We’d love to hear from you about your office plant – why you chose it, what good it has done, etc. Did you have to ditch an office plant because it made your co-worker sneeze? Feel free to share your stories in the comments box below. Or simply send a photo. Snap. Send. Done.
Sonsyrea Tate Montgomery is part of the GovLoop Featured Blogger program, where we feature blog posts by government voices from all across the country (and world!). To see more Featured Blogger posts, click here.
I have several office plants, 12 to be exact, I just love plants. My love for plants came from my parents both really, but mostly my father. He had a nursery and I would go and help him water and transplant the smaller plants that were sometimes started from seed to place them into larger pots. It was a great serene experience for me, I loved it. My favorite plant in the greenhouse “nursery” was a cute little fern that would shy away and close up when you touched it I don’t remember it’s proper name but I loved it because it was unique. It would be my first plant to check on when I got to the nursery so I could see it opened up before anyone else could touch it and caused it to close up and I wanted to see how beautiful it looked before it closed up. It’s much like people, there are beautiful people with great potential and can add so much to an environment (work place), but some easily close up don’t contribute because they allow others to cause them to close up and not add to their environment (or work place). I love plants and I appreciate your blog about the leafy part of life. 🙂 Thanks for sharing.

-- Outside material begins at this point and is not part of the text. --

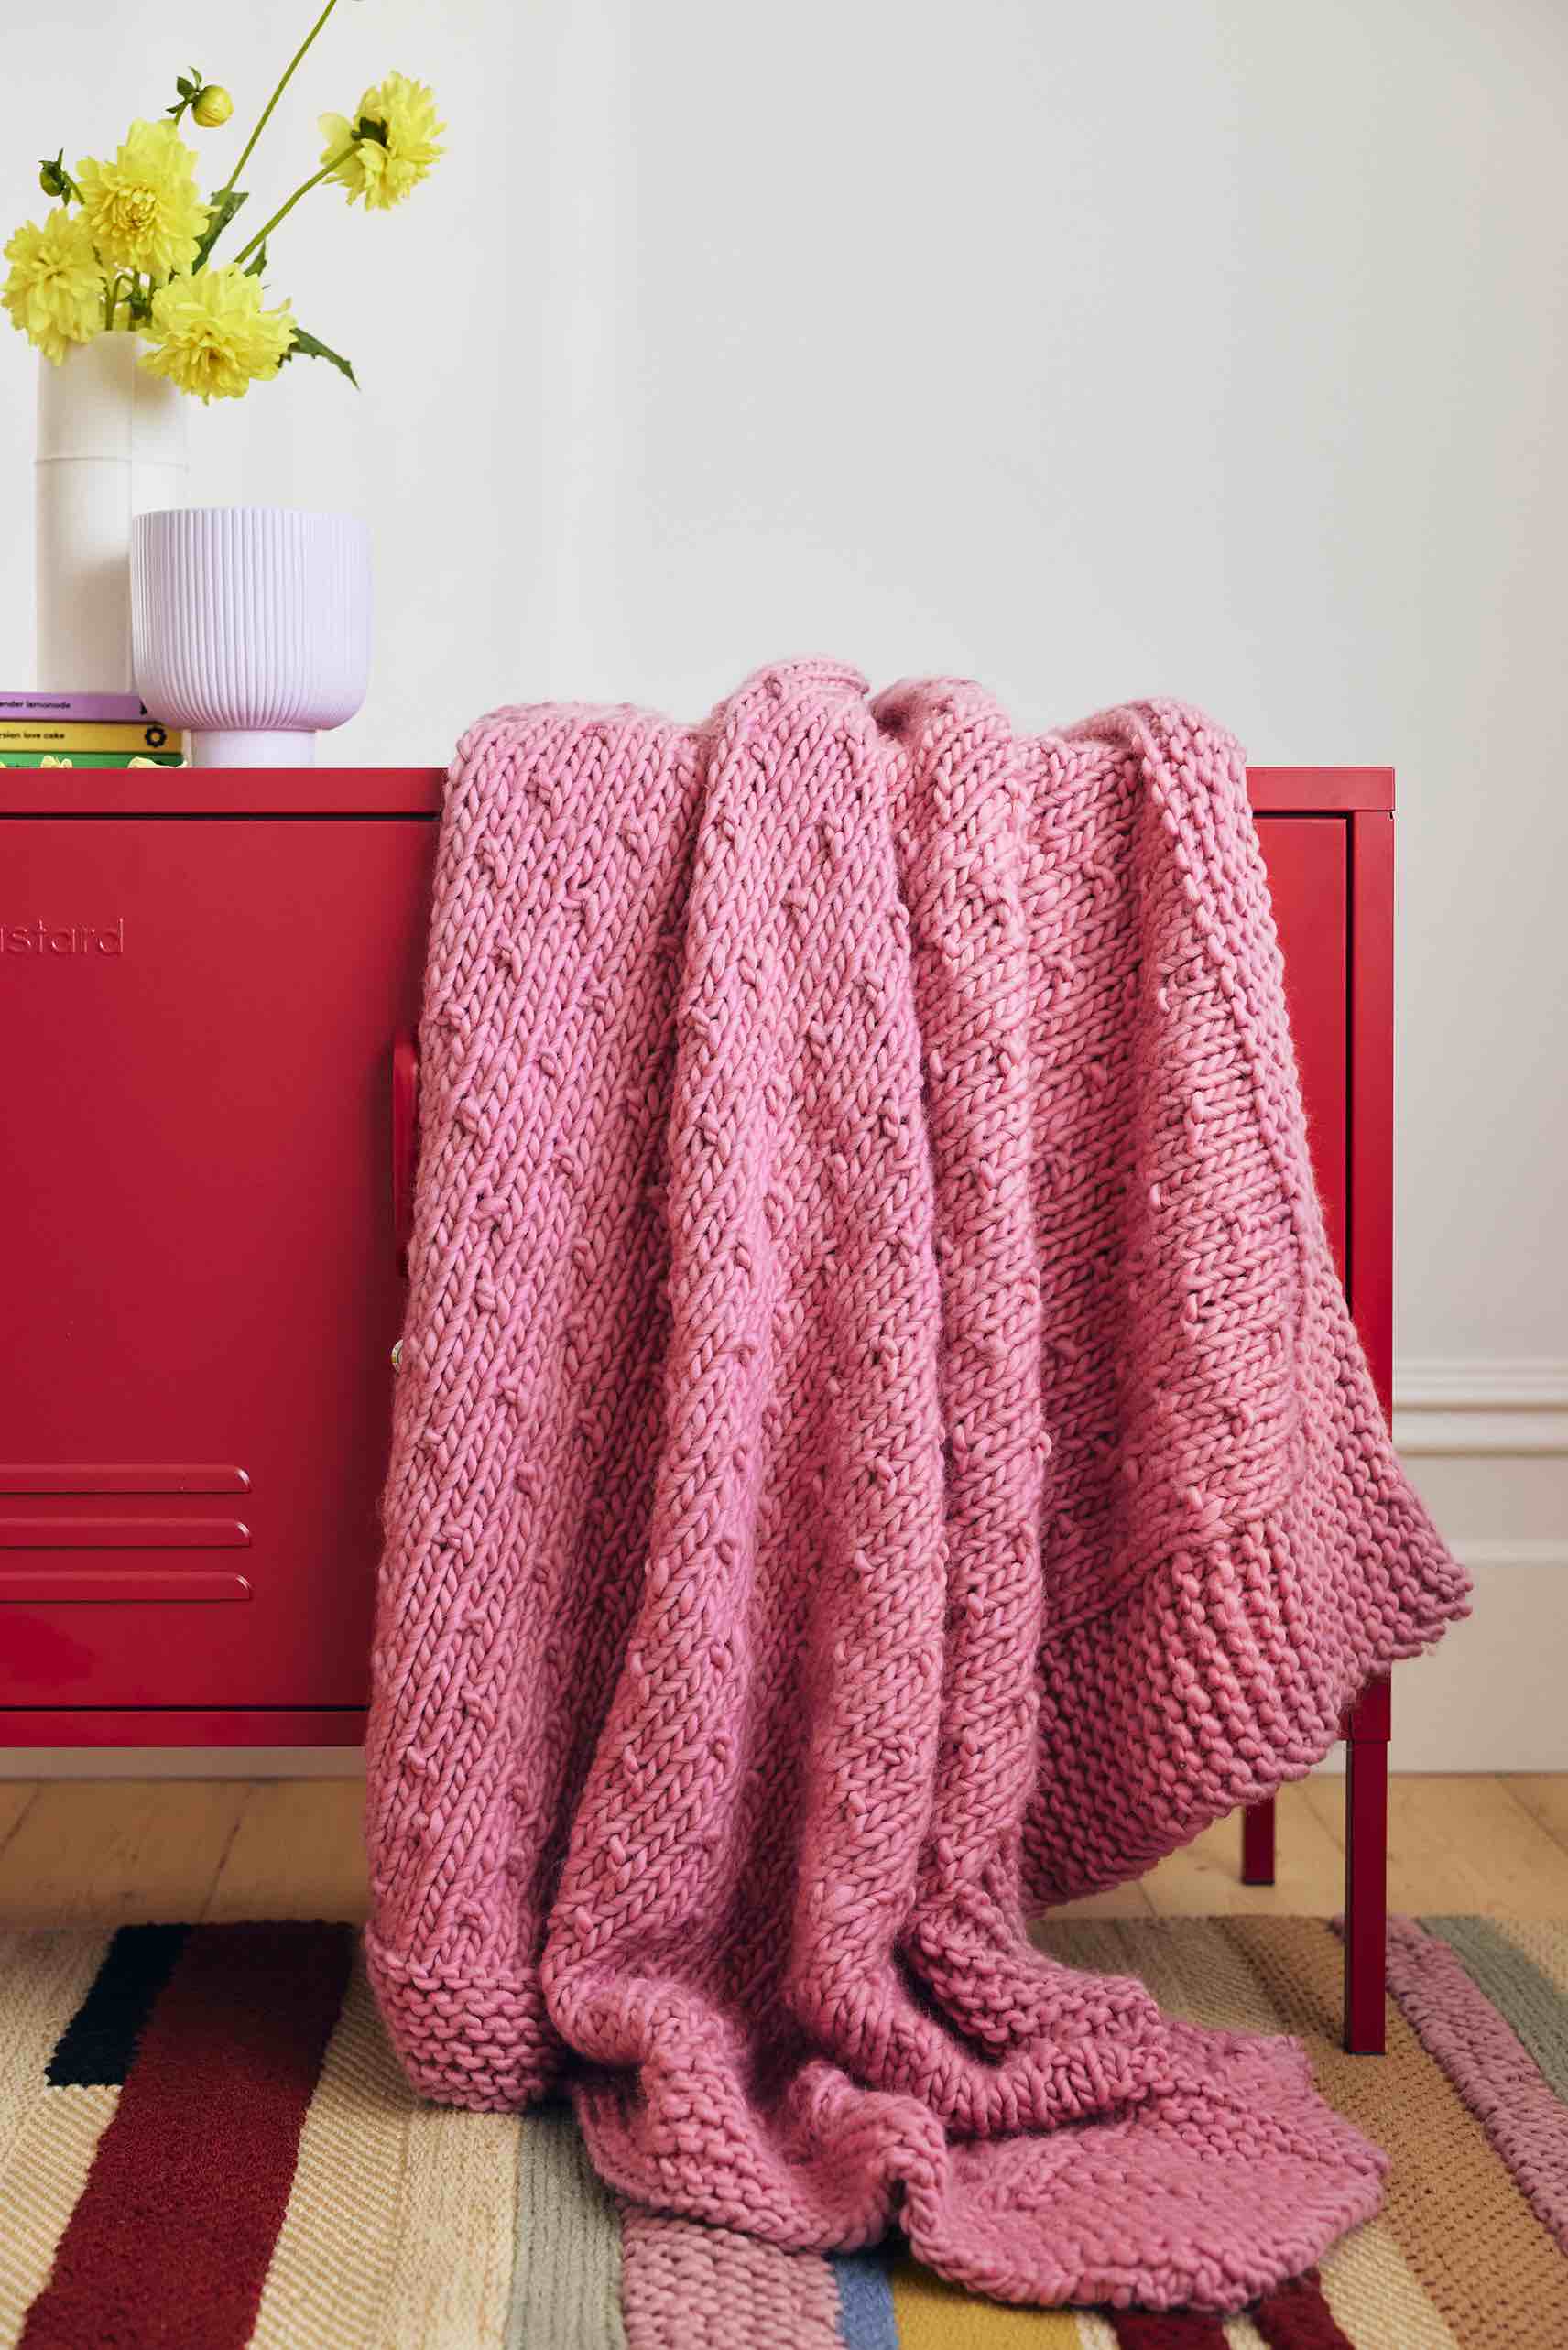 Your step-by-step guide to knitting The Pearl Blanket – Cardigang
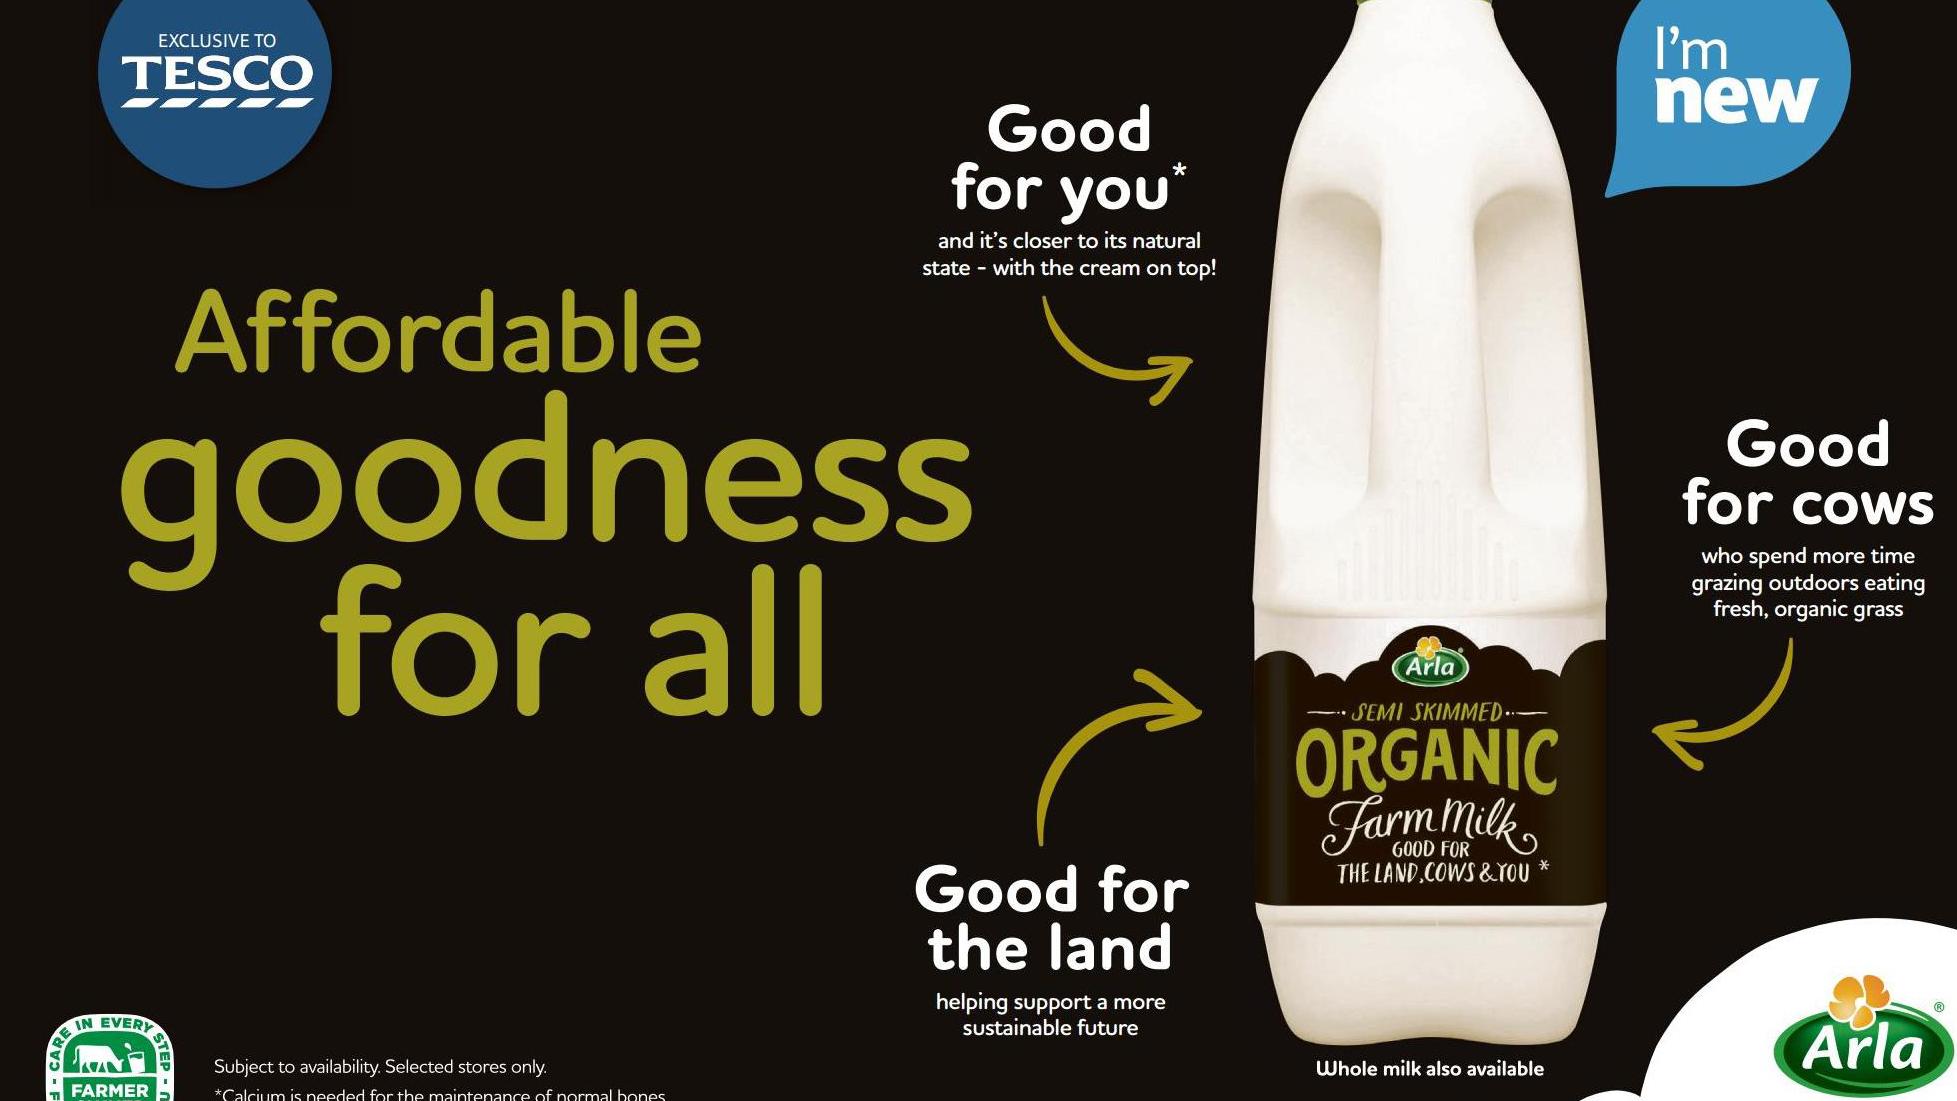 The ad claimed the milk was 'helping support a more sustainable future' but the regulator said it was misleading

Thanks Ann! I’m sharing your story again in this week’s blog. Look for it tomorrow.
I inherited my plant when my co-worker/friend retired. It has grown but also leaves have died and I though that the whole plant would die. But, it did not! It has taught me a lesson that things may look bleak but keep on watering, feeding and have hope, things may turn around! My plant is thriving and growing now.
Thanks Alisha! My mother-in-love and I had a conversation about our discovery of this lesson with our plants!
WOW!!! I ABSOLUTELY LOVE THIS ARTICLE!!! THANK YOU FOR SHARING!! Relationships are SO important to the Effective Moving of everything that takes place in the world. As we have all seen within our own little world, without good relationships, families, friendships, churches, communities, even government (local, state, federal), struggle to prosper in good measure that is pressed down, shaken together, and overflowing with Love, Happiness, Joy, Peace, and emotional wellness. Indeed they are difficult to start and maintain, but the efforts received are…Priceless!!